ASSIGNMENT | Word for word, copy the data that follows and skip its pictures.

==== COLLECTED MATERIAL

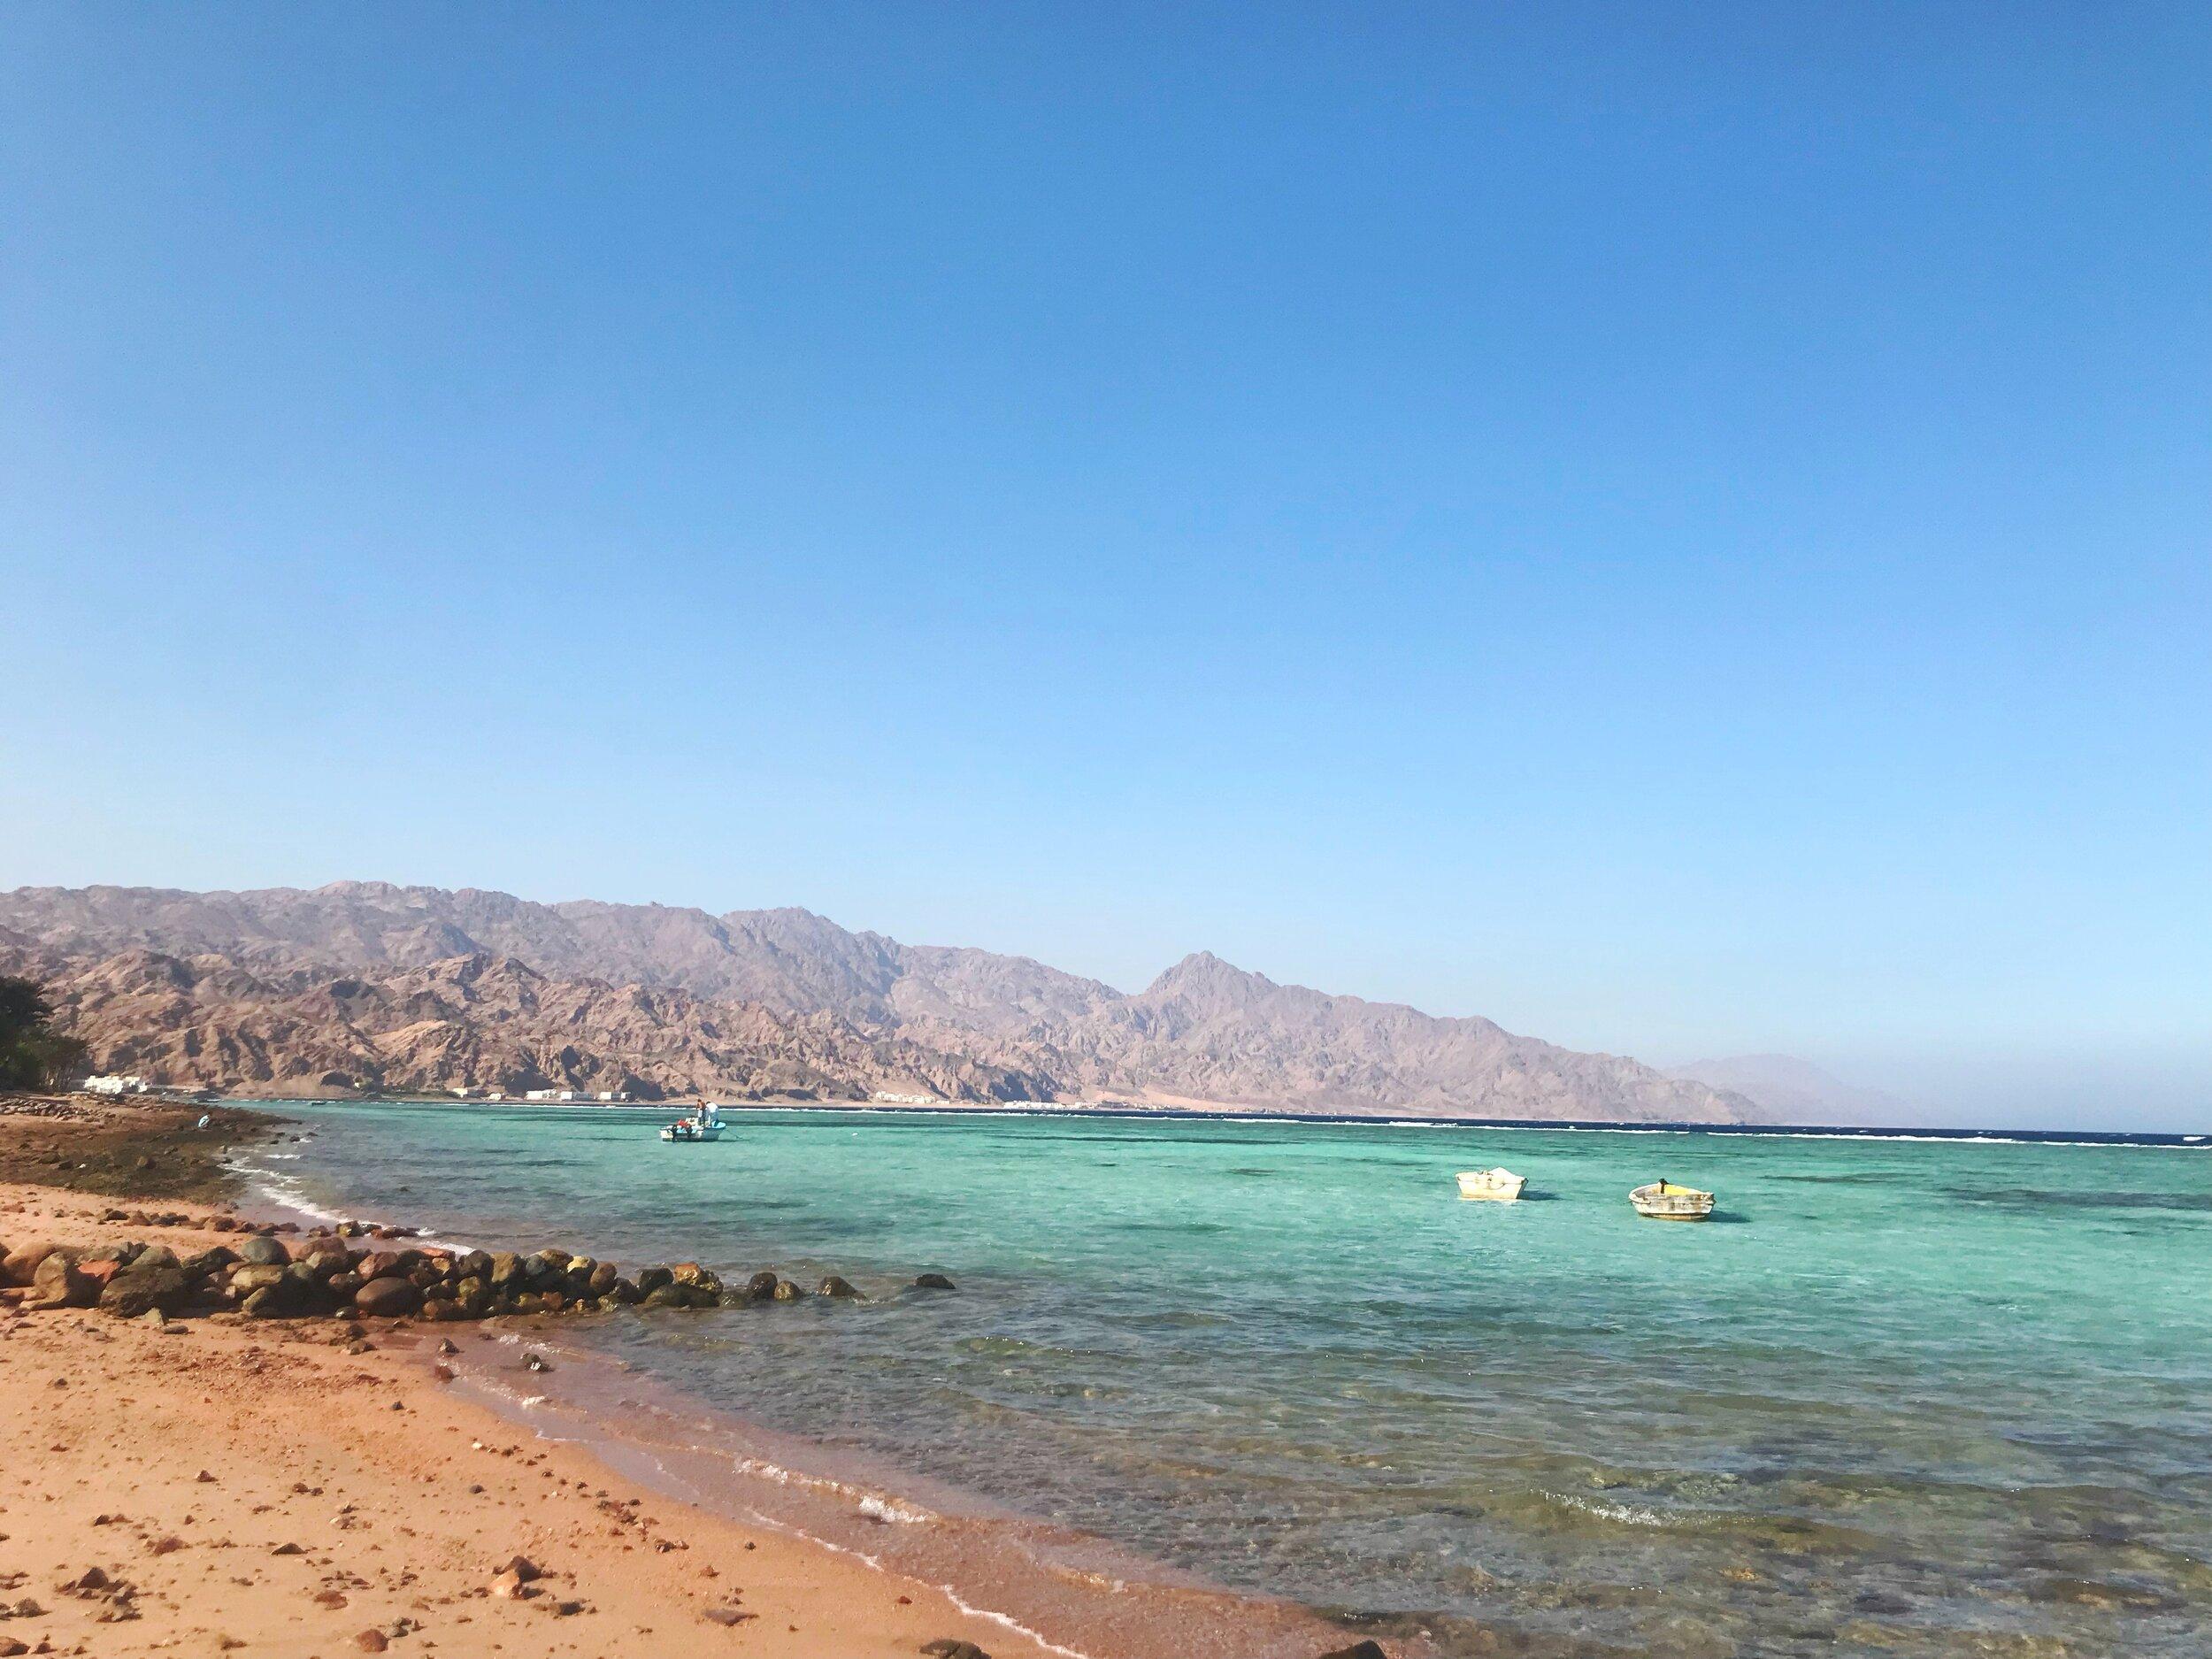 hotels-in-dahab-egypt-family-travel-blogger-negra-bohemian
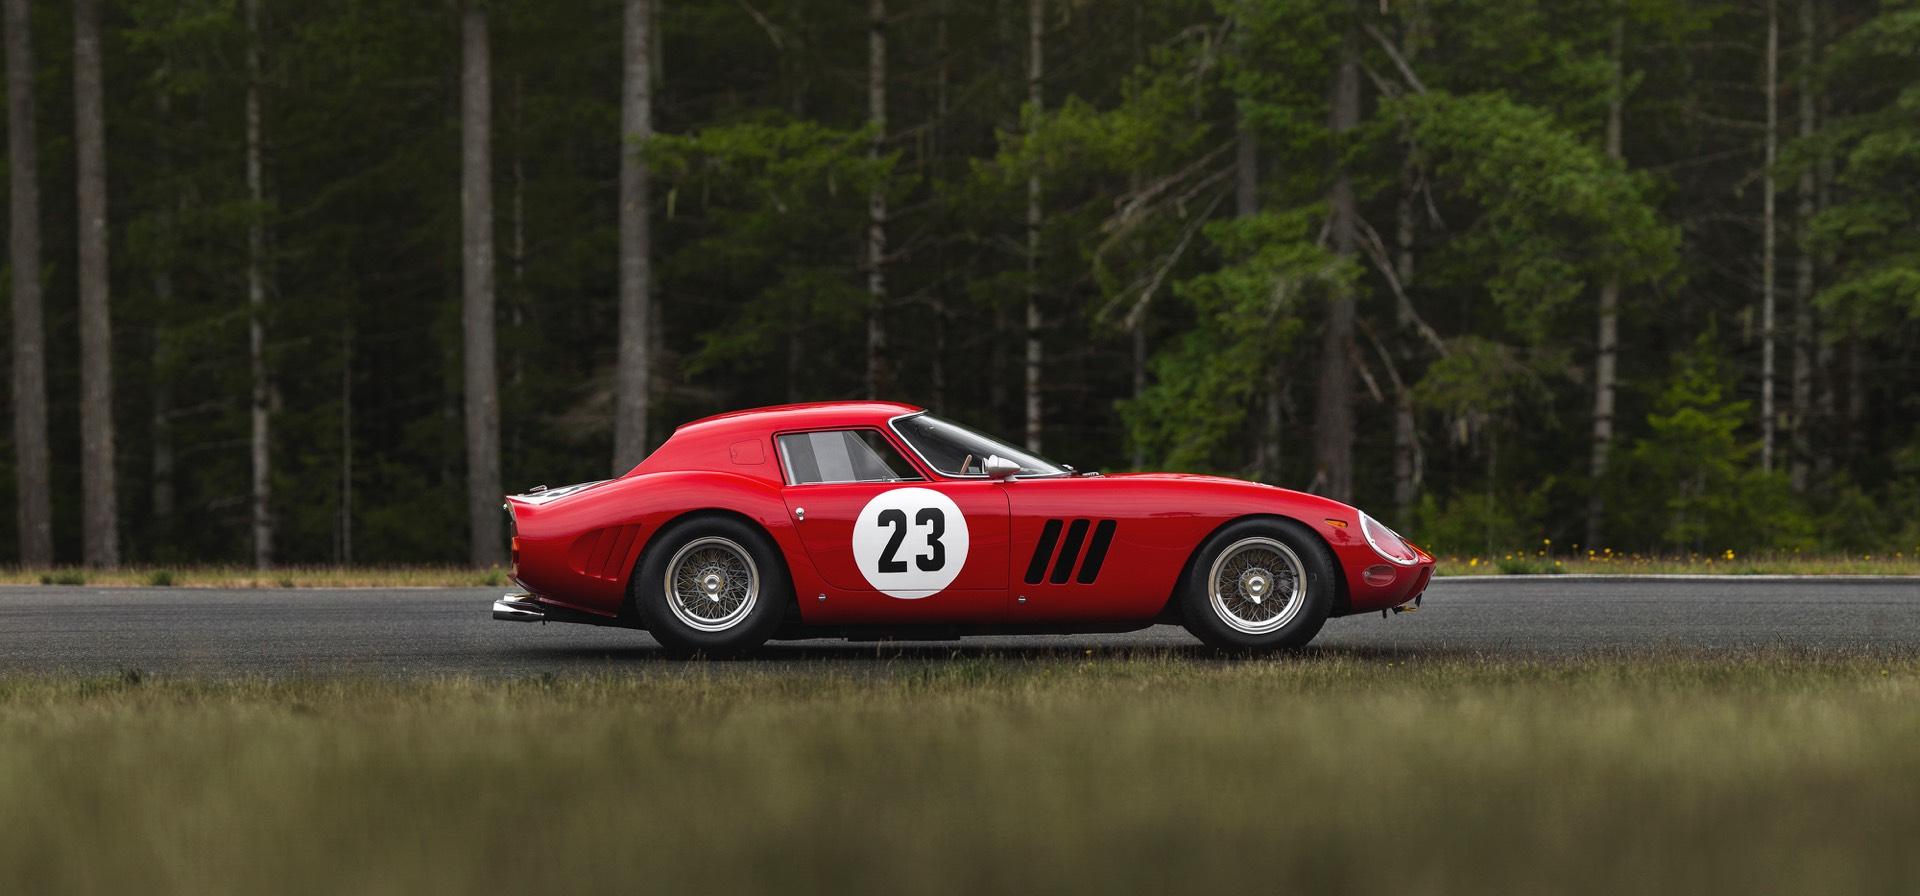 Ferrari 250 GTO RM Sothebys Side
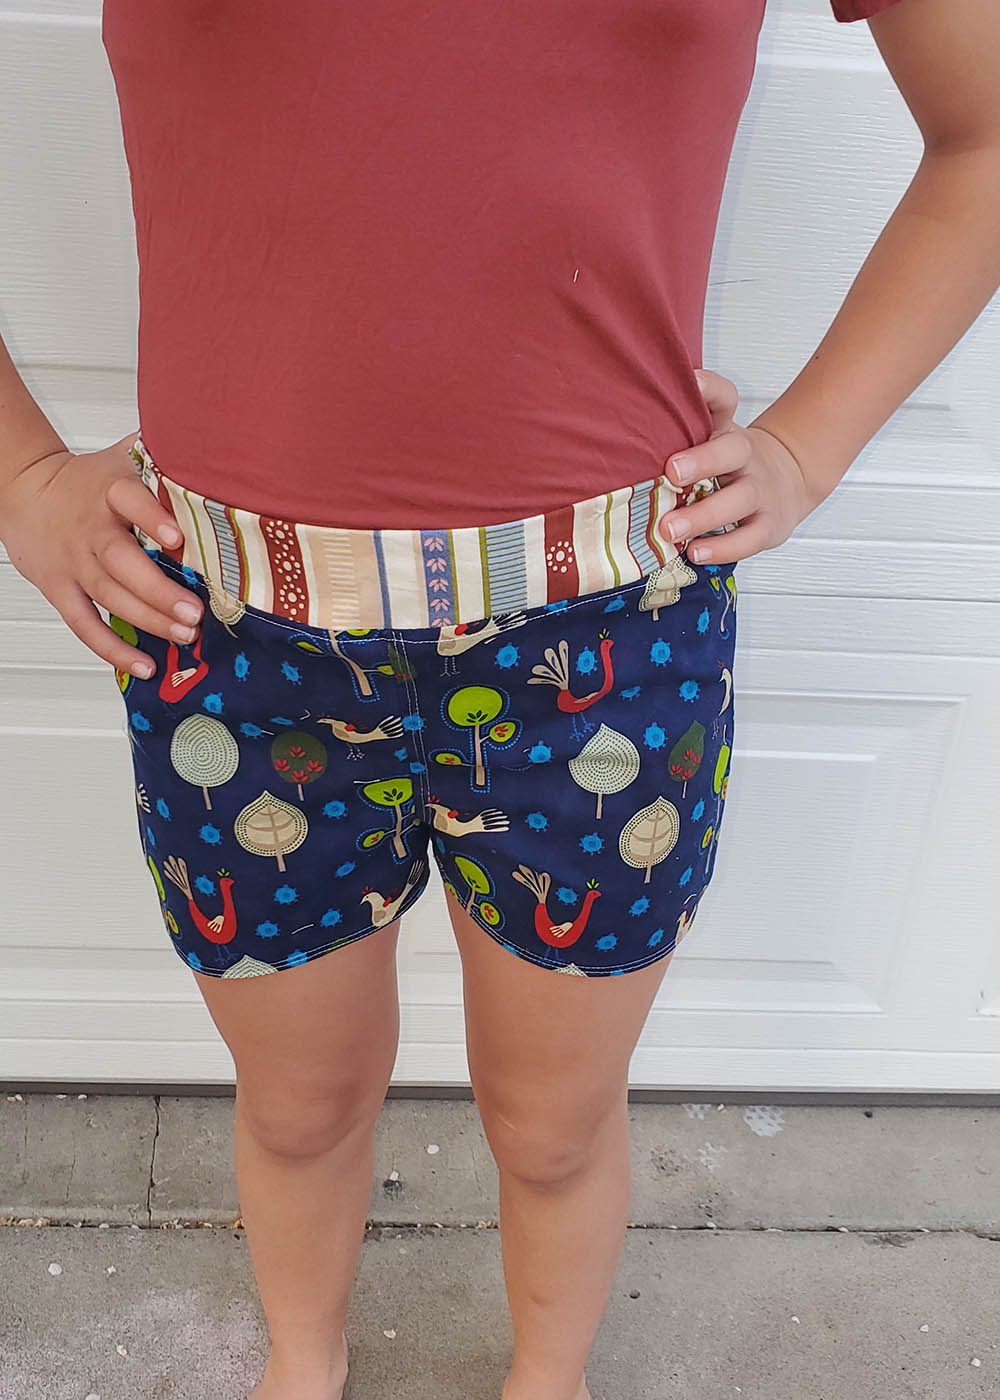 Helia's Hot Pants Sizes 2T to 14 Kids PDF Pattern

========

ANSWER BOX |
 hotels-in-dahab-egypt-family-travel-blogger-negra-bohemian
 Ferrari 250 GTO RM Sothebys Side
 Helia's Hot Pants Sizes 2T to 14 Kids PDF Pattern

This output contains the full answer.